EmptySpaceInit=PNHexGrid[10,6];
EmptySpaceEvolve=NestList[PlanarGrowStep,EmptySpaceInit,3];

Localized Structures

Because
NodeToHexRule
can only be applied to nodes on faces with five or more sides, structures composed of triangles and squares are localized structures that remain unaffected by the rule. It is therefore natural to interpret faces with five or more sides as "space" and faces with three or four sides as "matter". One immediate consequence of this identification is that the presence of matter increases the curvature of space—a property of the physical universe predicted by general relativity.
The introduction of
Particle1
creates a growing "wave-front" of particles.
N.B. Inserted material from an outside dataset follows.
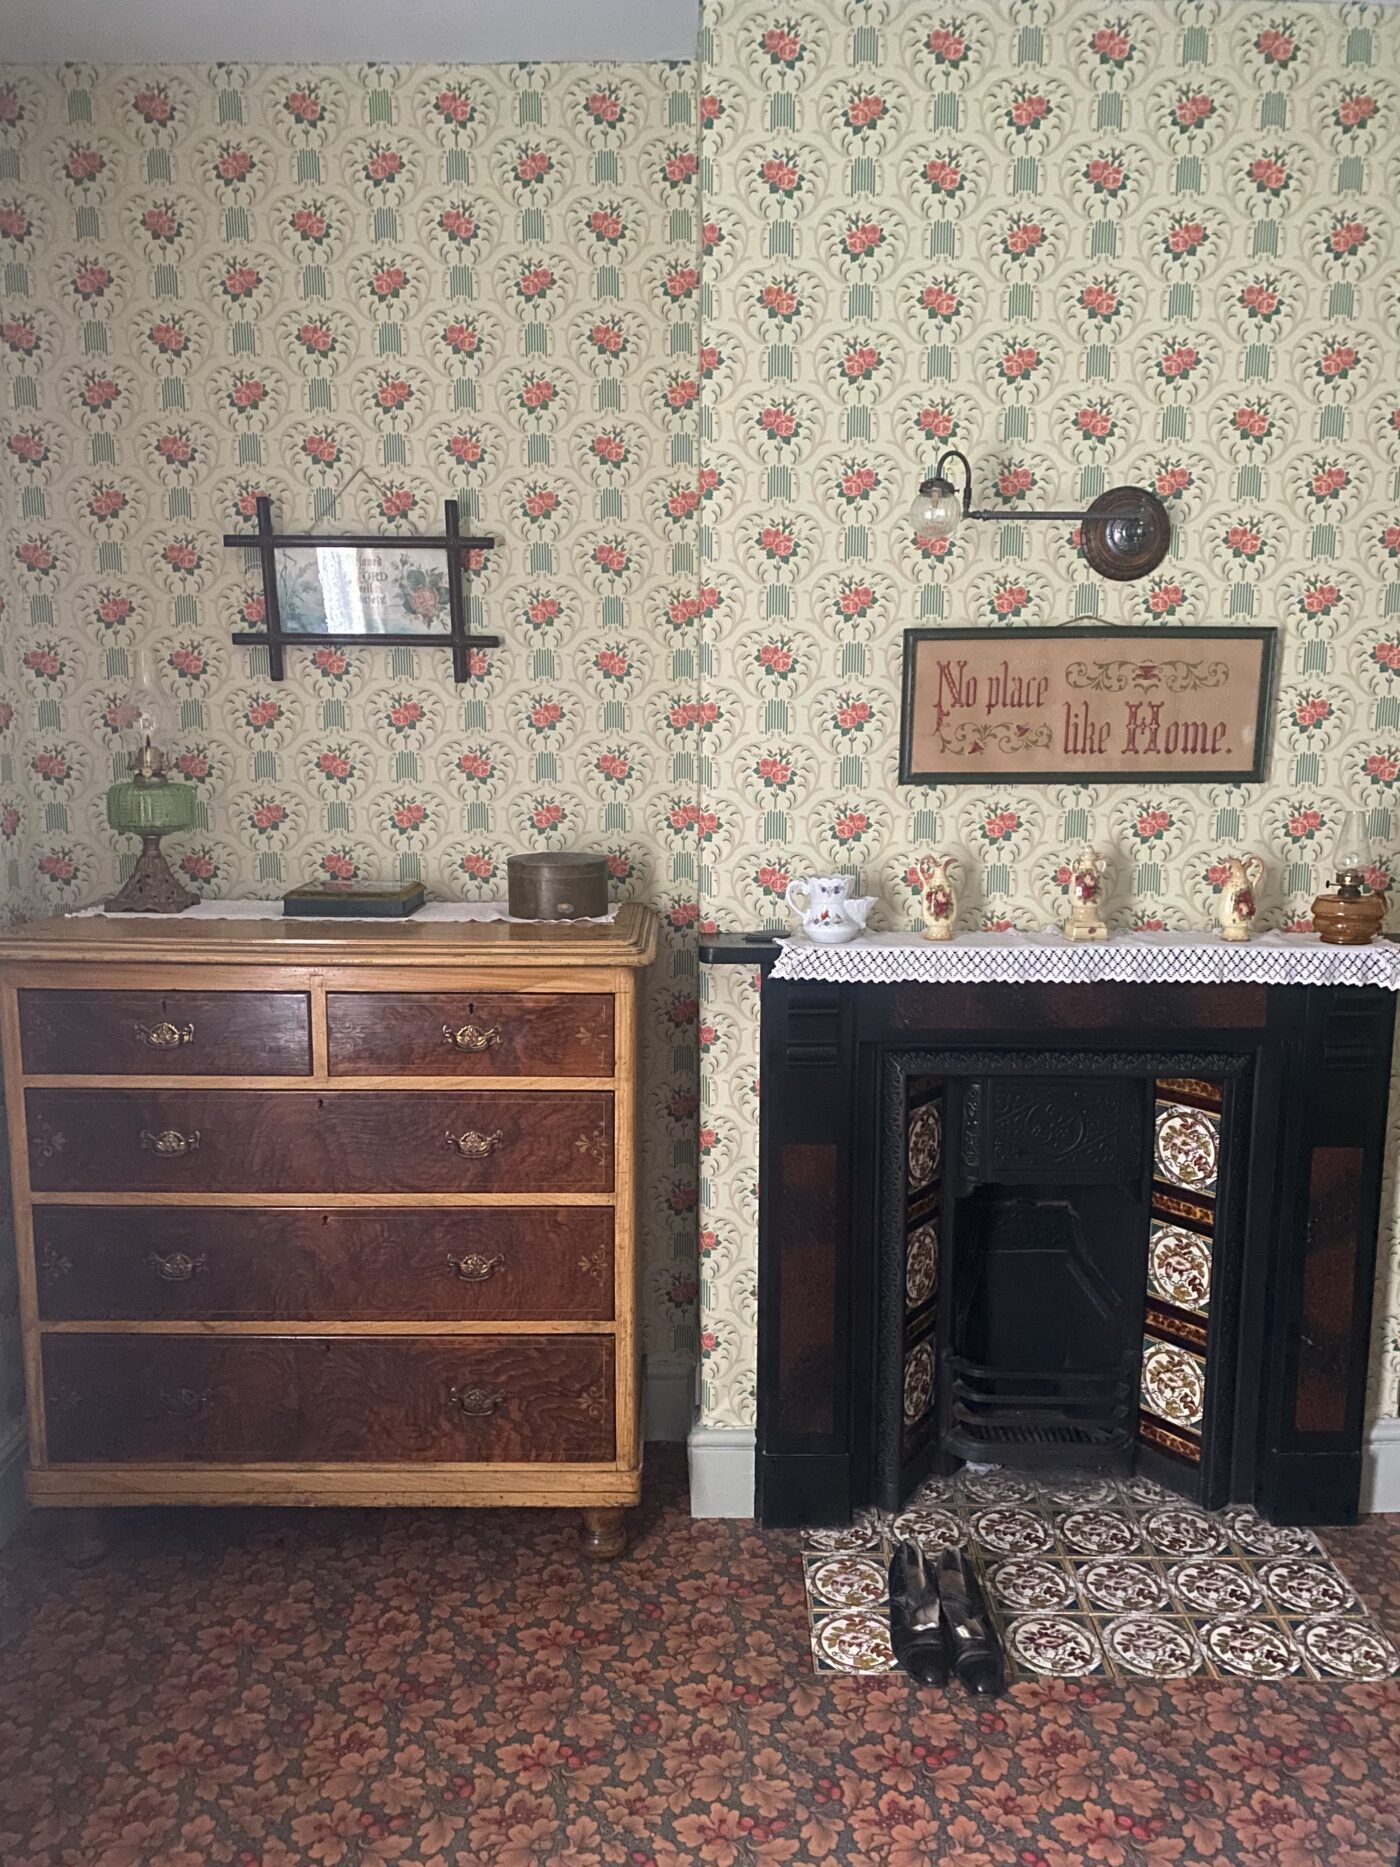 Victorian bedroom with 1905 recreated wallpaper and tiled fireplace

InsertParticle1={1{6,7,8}}{1{2,3,8},2{1,4,3},3{1,2,5},4{2,6,5},5{3,4,7}};
Show[Surround[PNRuleGraphic[InsertParticle1]]];
Particle1Init=PNEvolveStep[{InsertParticle1},PNHexGrid[10,10],{First,70,3}];
Show[PNGraphics[Spring[Particle1Init]]];
particle1=NestList[PlanarGrowStep,Particle1Init,3];
Show[PNGraphics[#]]&/@particle1;
The "swiss-cheese" connections near the outside is a temporal gradient—it signifies that the nodes in the interior are three time-steps ahead of the nodes around the edge.